30 Ocak 2009 Cuma

MELEK


Şehrin ışıkları camda kırılıp başkalaşırken, bir otobüsün farının aksi camda, belli belirsiz bir melek olup dağıldı. Bir lavanta kokusu değdi sanki burnuma, irkilerek kurtuldum bu yarı uykulu halden. Tren gıcırdayarak yanaştı gara, başımı camdan uykulu kaldırıp bir bakış attım koridora doğru: ESKİŞEHİR.

Biraz önce tek kişilik bileti olup da yandaki koltuğa yayılarak istifade eden kimileri, şimdi korkuyla camdan dışarı bakıyorlardı. Biraz sonra şu dışarıdaki eli bavullu kalabalık içeri doluşacak ve yanlarındaki boş koltukları doldurarak onların keyiflerini kaçıracaklardı büsbütün. Nihayet Ankara’dan Eskişehir’e kadar vagondaki pek çok kişinin sürdüğü keyif böylece noktalanmış olacaktı. Beklenen oldu, ben dışarı çıkmaya çalışırken, biraz önce dışarıda bekleyen o kalabalık trenin içine doluşarak tüm koltukları doldurdu; artık herkesin kendi koltuğuna sığma zamanı gelmişti çünkü. Şaşırdım ki şaşıracak şeydi gerçekten; bu kadar insan işbirliği etmişçesine, aynı trene doluşup aynı yöne harekete geçmişti. Atkımı boynuma geçirip boşluğa bıraktım bu özgün olduğunu sandığım düşüncemi. Adımlarımı saldım ıslak perona, yabancı bir yağmur her yeri ıslatmıştı.
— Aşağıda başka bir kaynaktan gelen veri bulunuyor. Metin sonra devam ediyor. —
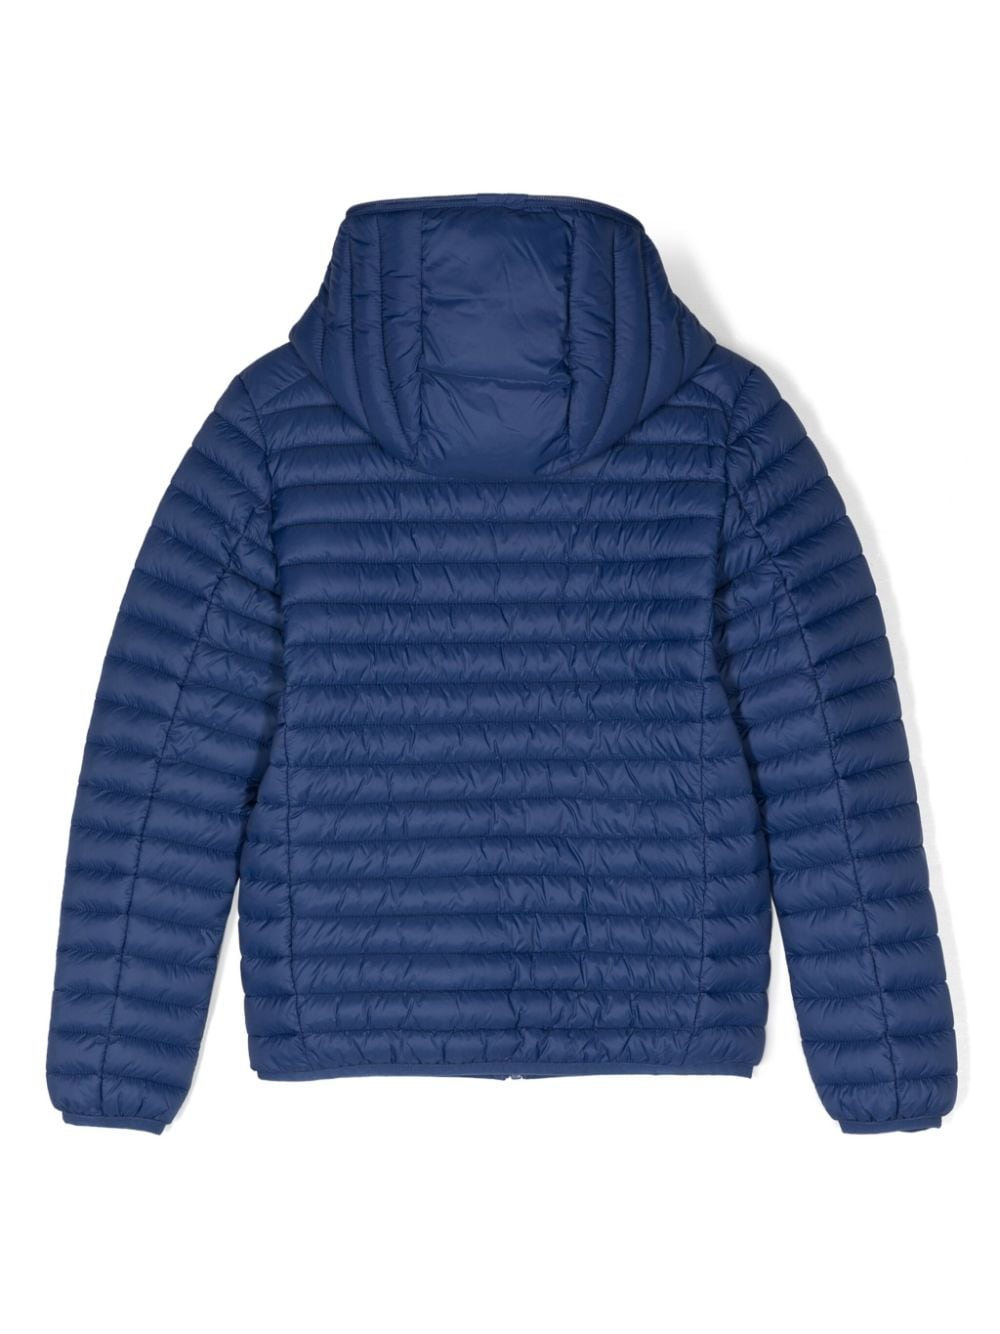 Navy blue jacket for boys with logo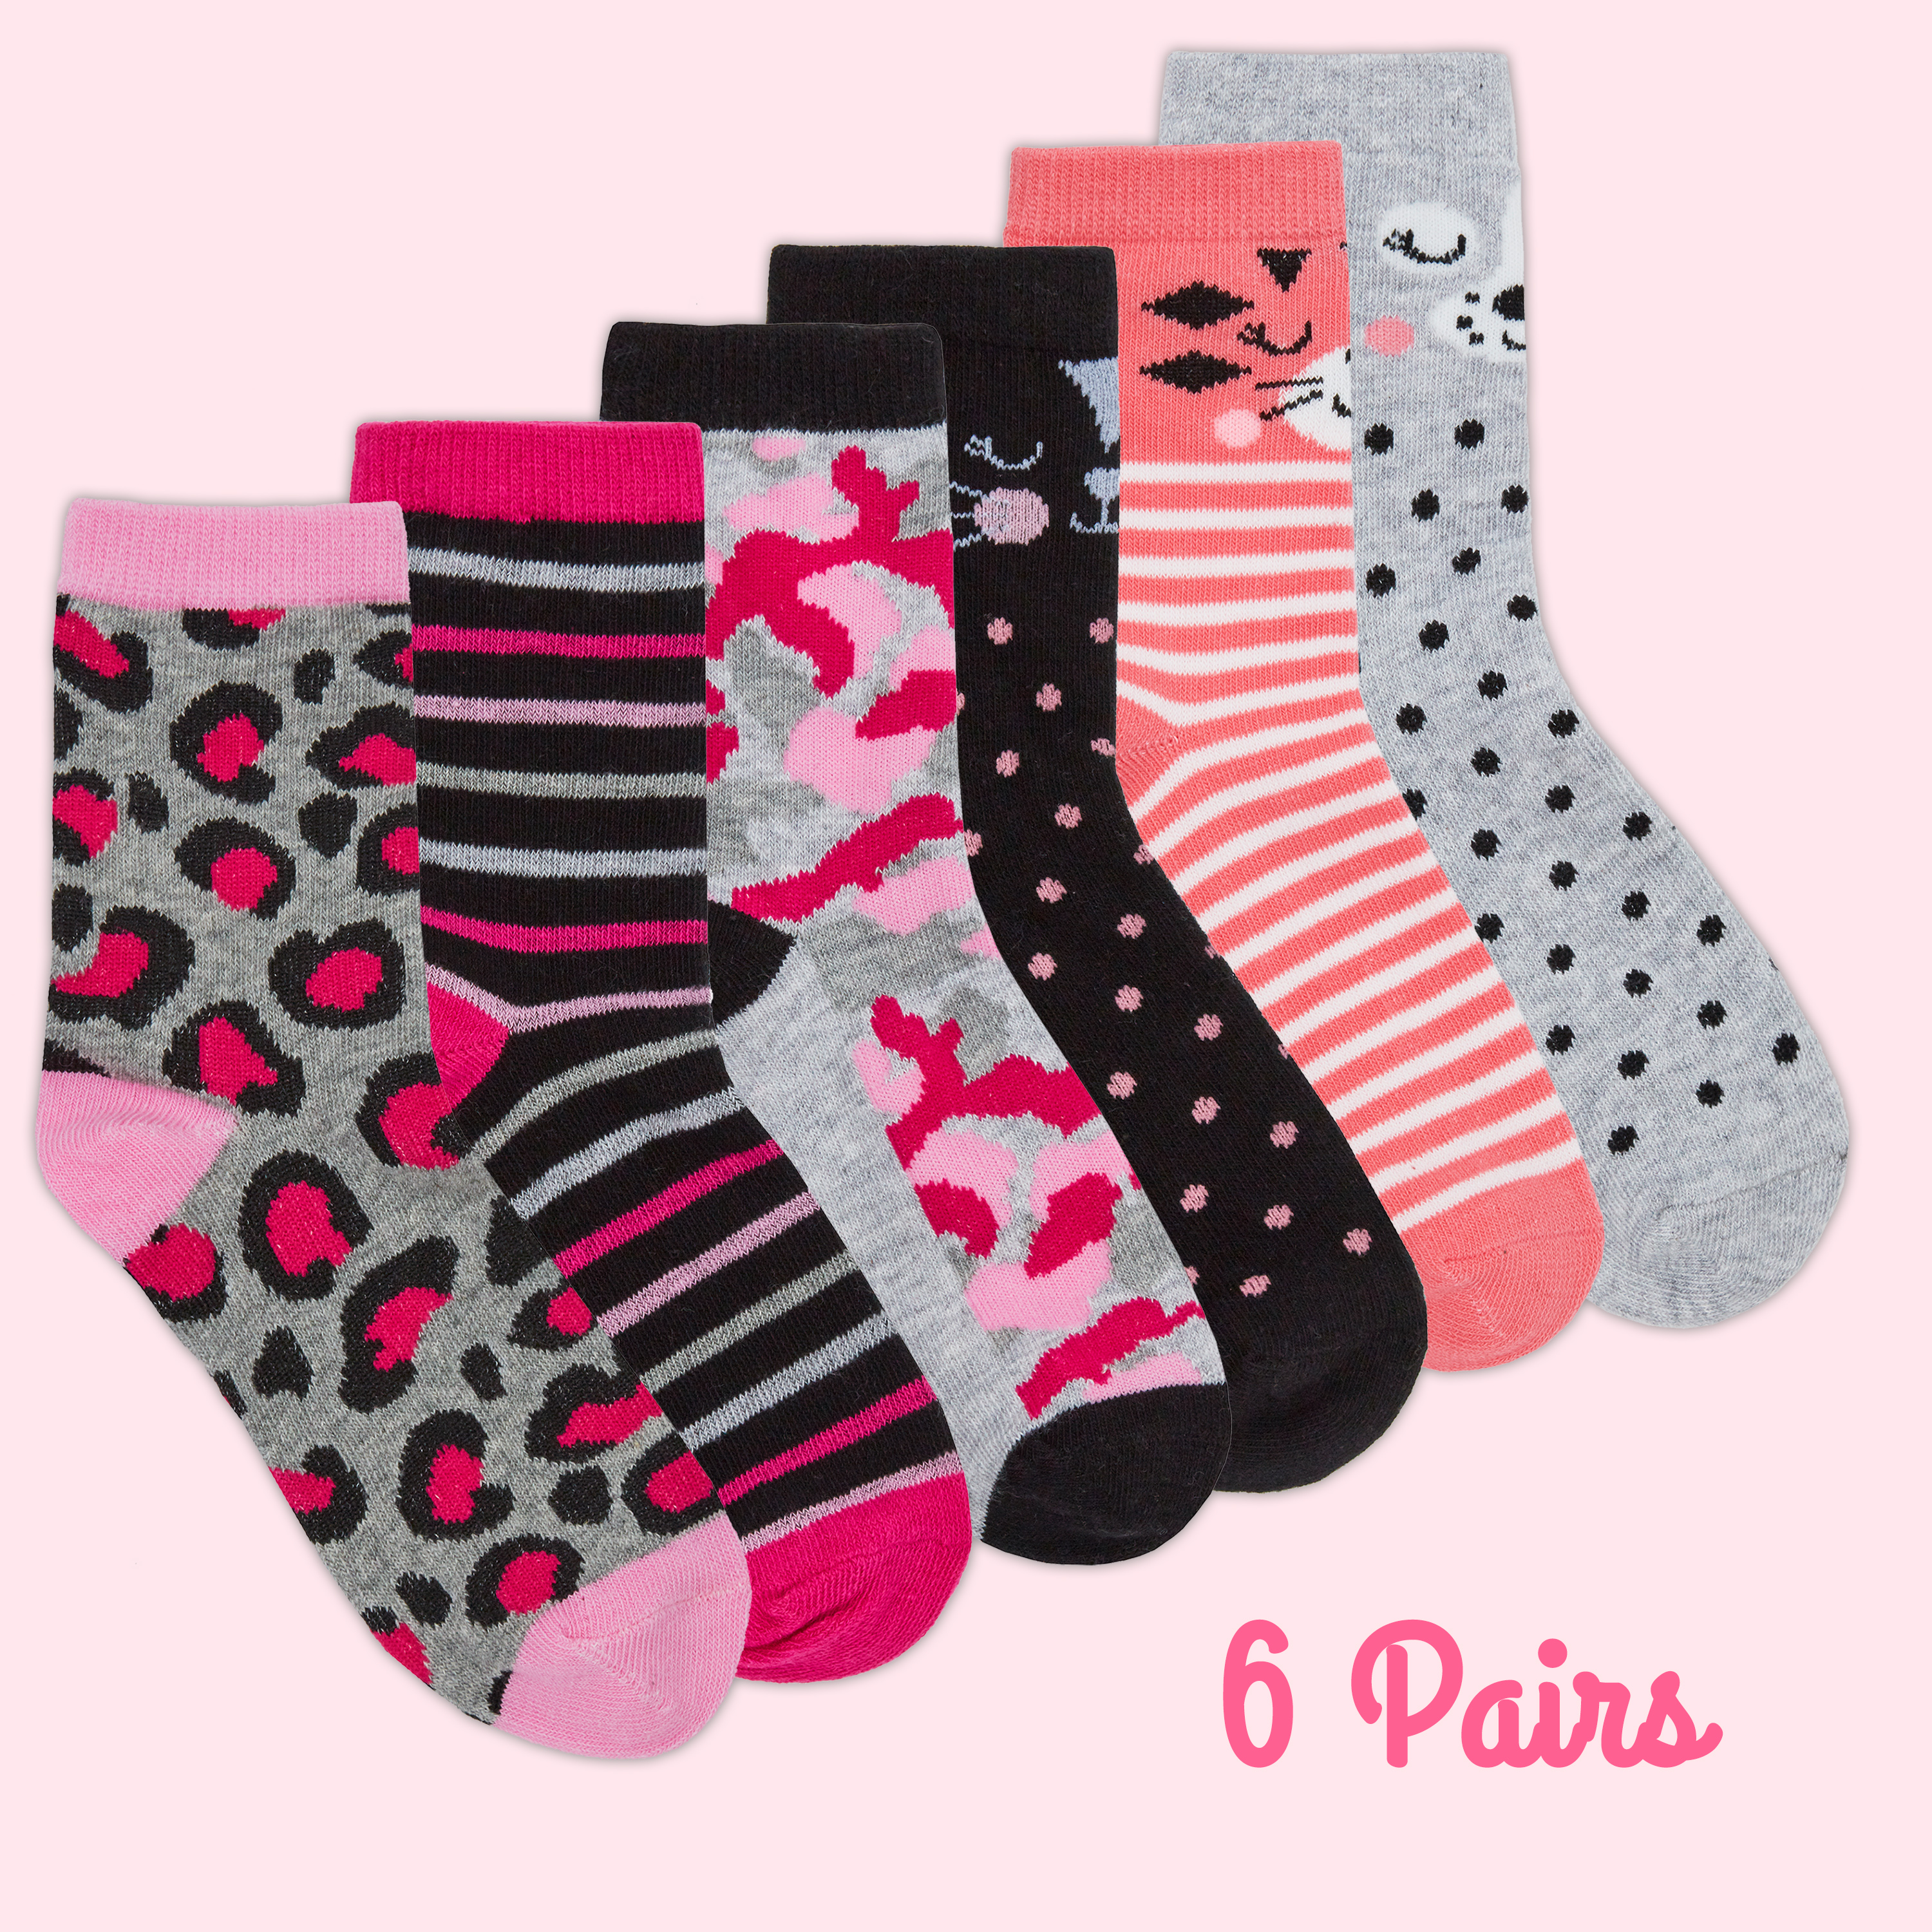 Girls/Kids 3-12 Socks Pair Pack COTTON RICH EVERYDAY Casual School Design Animal MULTIPACK Novelty Fun Character 6-8.5 9-12 12.5-3.5

Birkaç kere gidip geldim ıslak peronda, sonra bir sigara yaktım, banka oturarak bilinmez hangi hayale daldım. Sonra tedirgin bir kız böldü bu hayali, yanıma sokulup oturup oturamayacağını sordu. Elbette, dedim, buyurun…

Oturdu. Mor bir palto vardı üzerinde, açılmış düğmelerinden beyaz bir elbisenin kıvrımları dökülüyordu belli belirsiz. Ben trene dikip tamamlarken kafamdaki hayali, arada sırada bana baktığını hissediyordum. Sigaramı dudağıma götürdüğümde, onun konuşmak üzere dudaklarını ıslattığını da fark ettim: Fazladan bir sigaram var mıydı acaba? Paketi uzattım, üzerindeki deveye bakarak gülümsedi de aklıma düştü, garipsemiş miydi acaba? Hayır, aslında garipsememişti, uzviyetinin hâkimi bu durgunluğu biraz sonra kelimelere de dökülecekti. Nereye gittiğimi sordu bana, treni işaret edip, İstanbul, dedim, İstanbul’a gidiyorum. Neden gittiğimi sordu, arkadaşlarım falan mı vardı orada yoksa daha yakın biri mi, sevgili gibi? Aslına bakarsanız neden gittiğimi ben de bilmiyordum ya, işte böylece itiraf ettim ona. Gülümseyip bal rengi gözlerini bana dikerken, gidişimin nedeninin mantıksız olmasının, büsbütün nedensiz olduğu anlamına gelmeyeceğini söylüyordu. Ben de gülümsedim bu cümle üzerine, toparladım hemencecik. Ona uzun süredir uykusuzluk çektiğimi söyledim, bu belki, diye ekliyordum da tam o, bir kaçış diyerek tamamladı beni. Neden diye sormayacağını söyledi. Verilecek cevabım yoktu zaten…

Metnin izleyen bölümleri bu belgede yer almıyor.